What you write must match, character for character, the lines from the one with "Playa Bavaro Higuey, Bávaro, Punta" down to the one with "zemljevid tanzanija prikazuje regije" in the listing below, minus its pictures.
#### Data for review
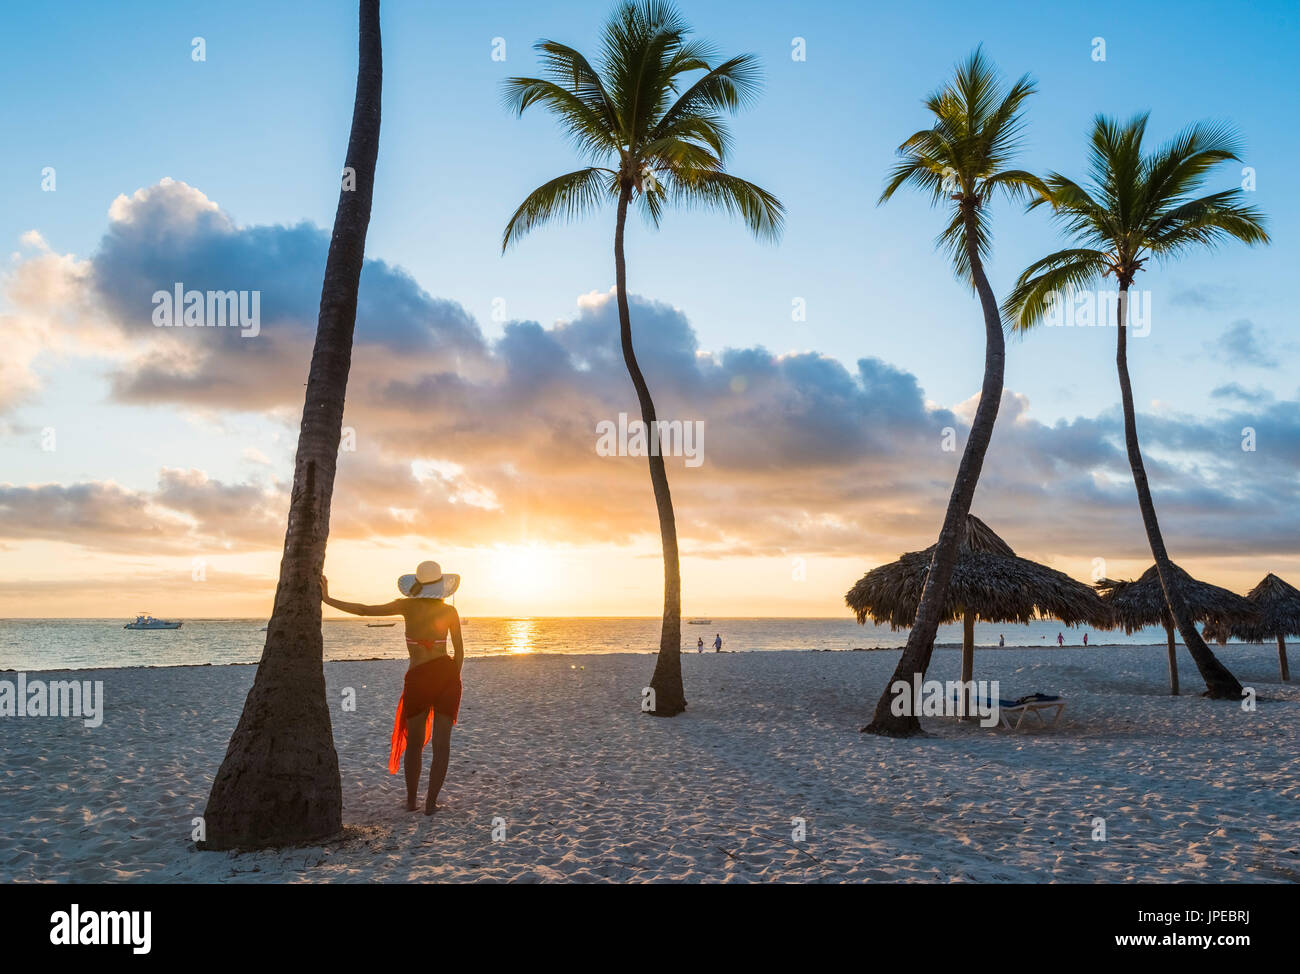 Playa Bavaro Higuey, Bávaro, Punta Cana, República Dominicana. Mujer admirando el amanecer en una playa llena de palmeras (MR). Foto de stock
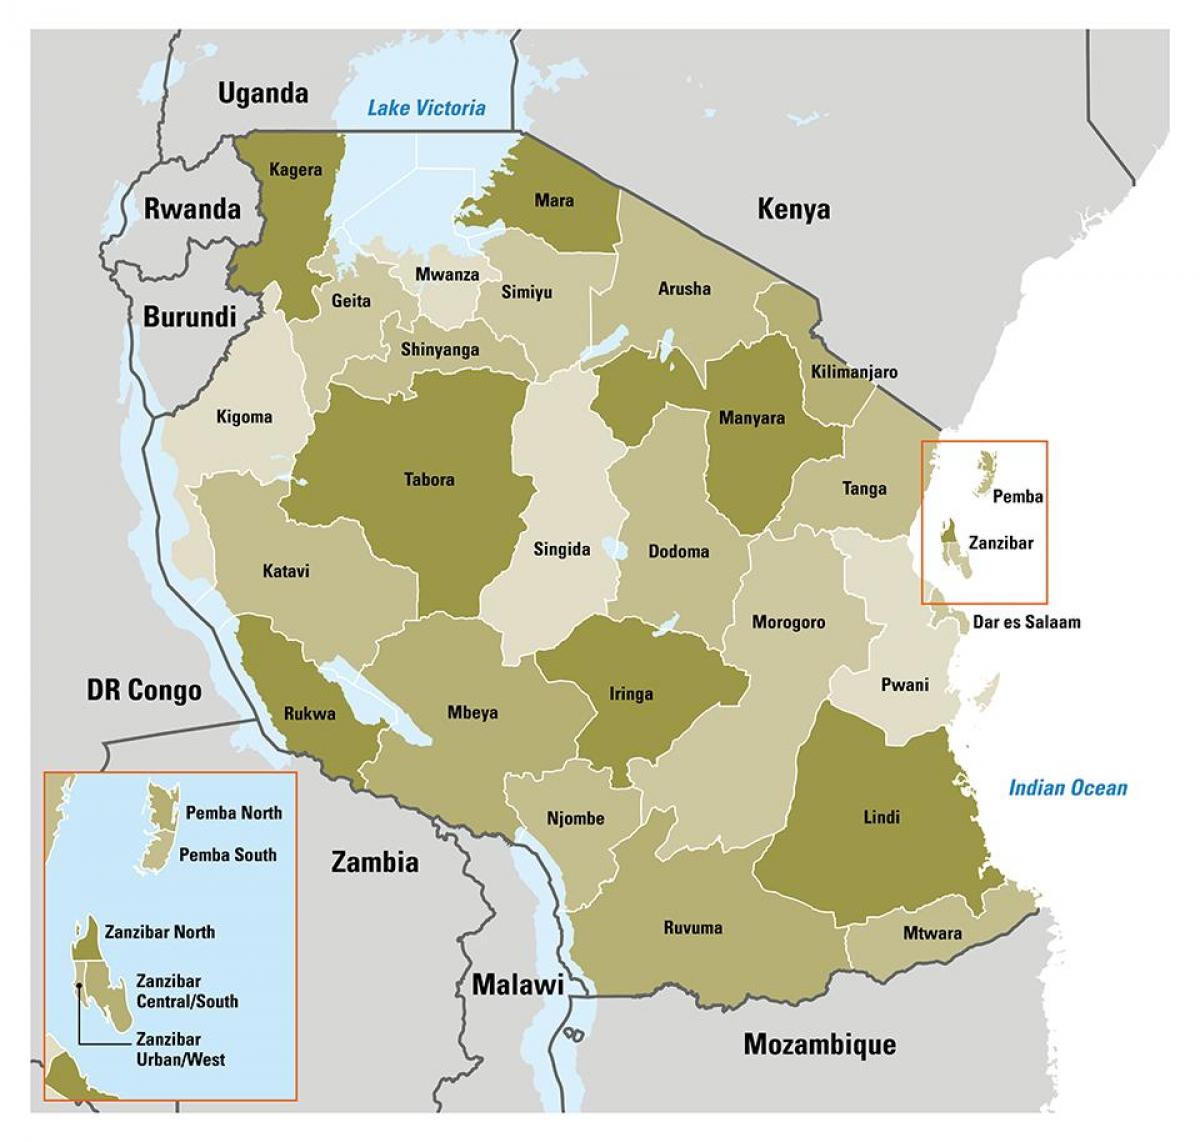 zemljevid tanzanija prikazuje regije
########
#### Data for review
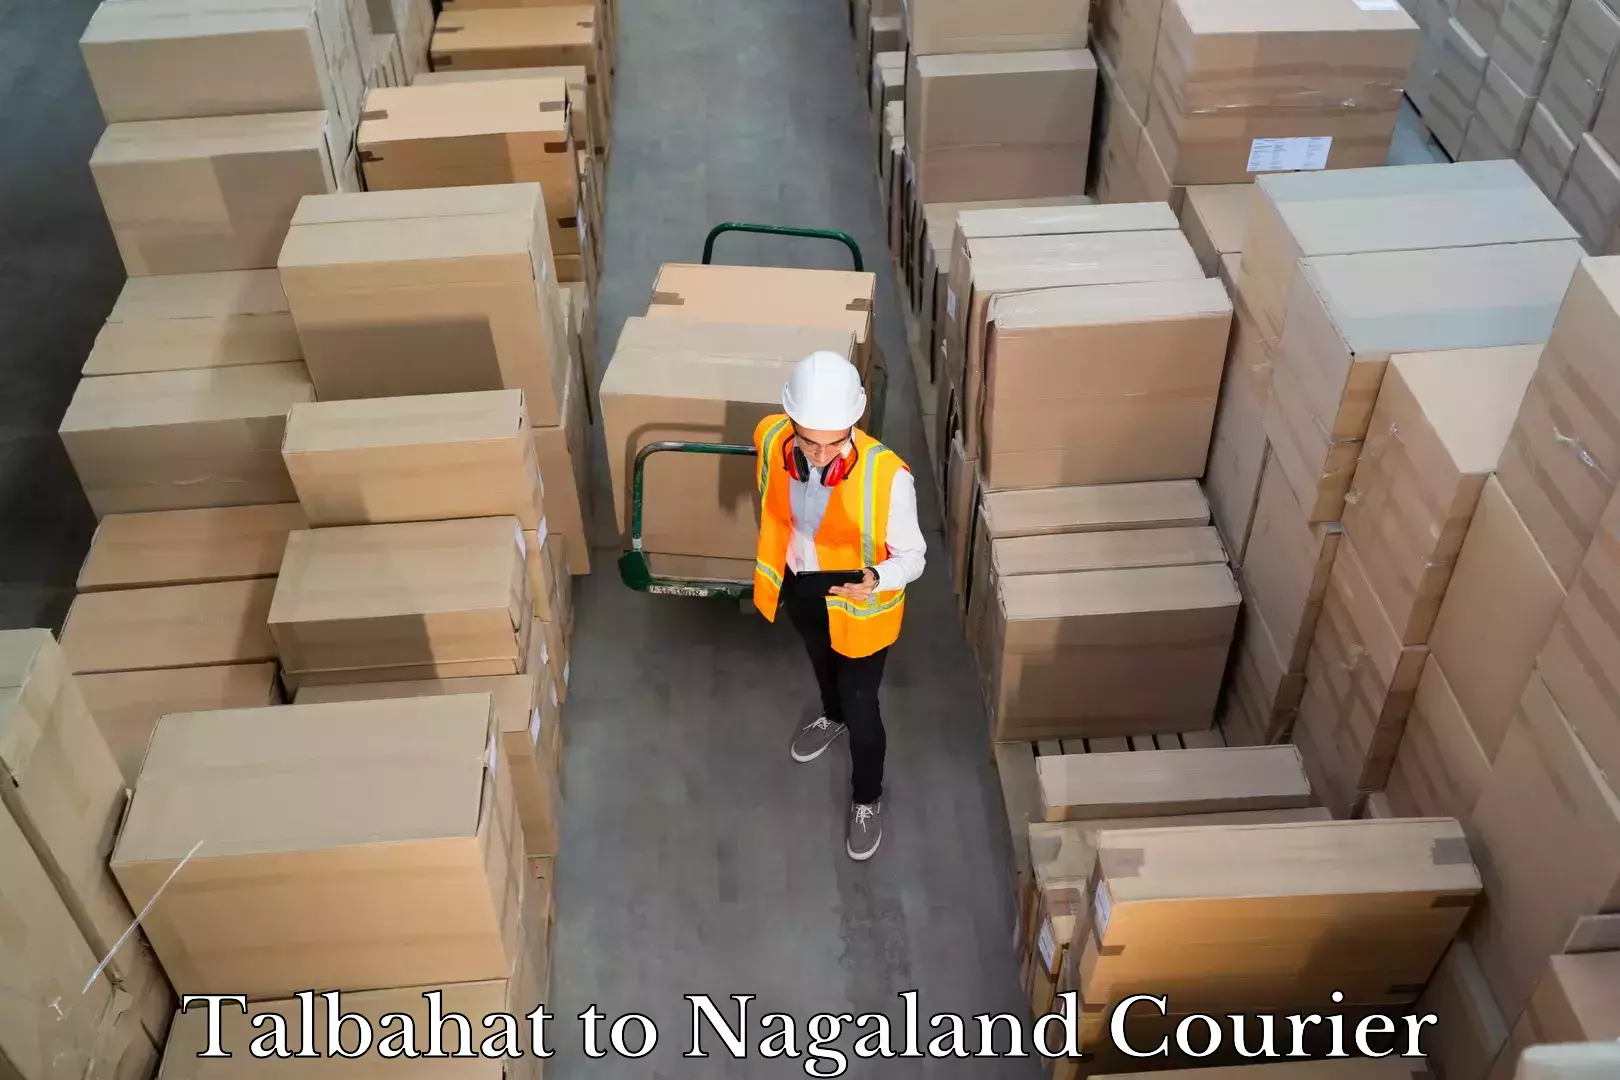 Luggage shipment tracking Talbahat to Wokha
########
#### Data for review
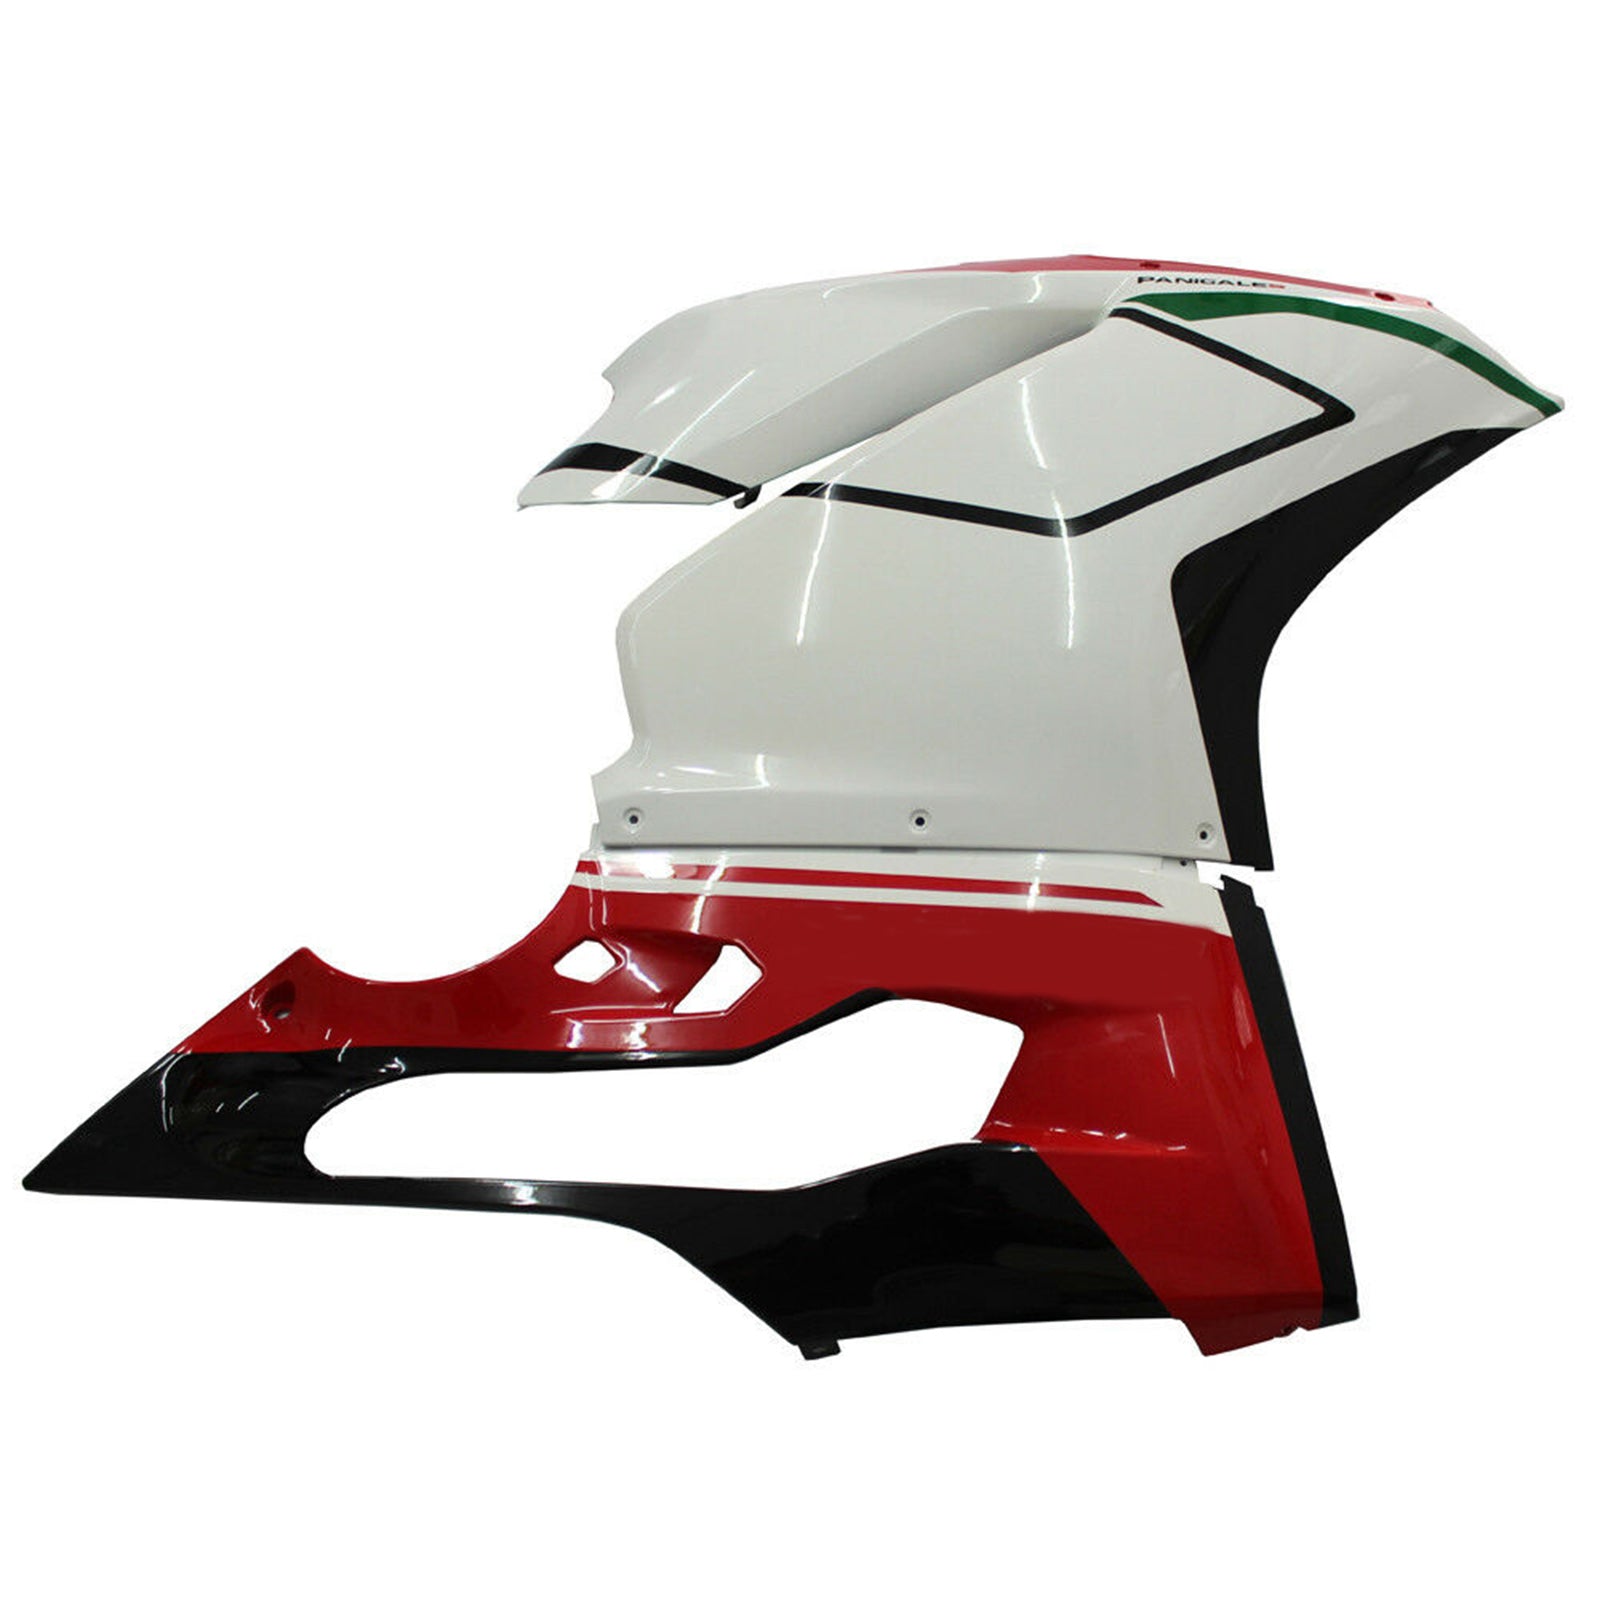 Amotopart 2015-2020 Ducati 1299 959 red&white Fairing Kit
########
Expected answer:
 Playa Bavaro Higuey, Bávaro, Punta Cana, República Dominicana. Mujer admirando el amanecer en una playa llena de palmeras (MR). Foto de stock
 zemljevid tanzanija prikazuje regije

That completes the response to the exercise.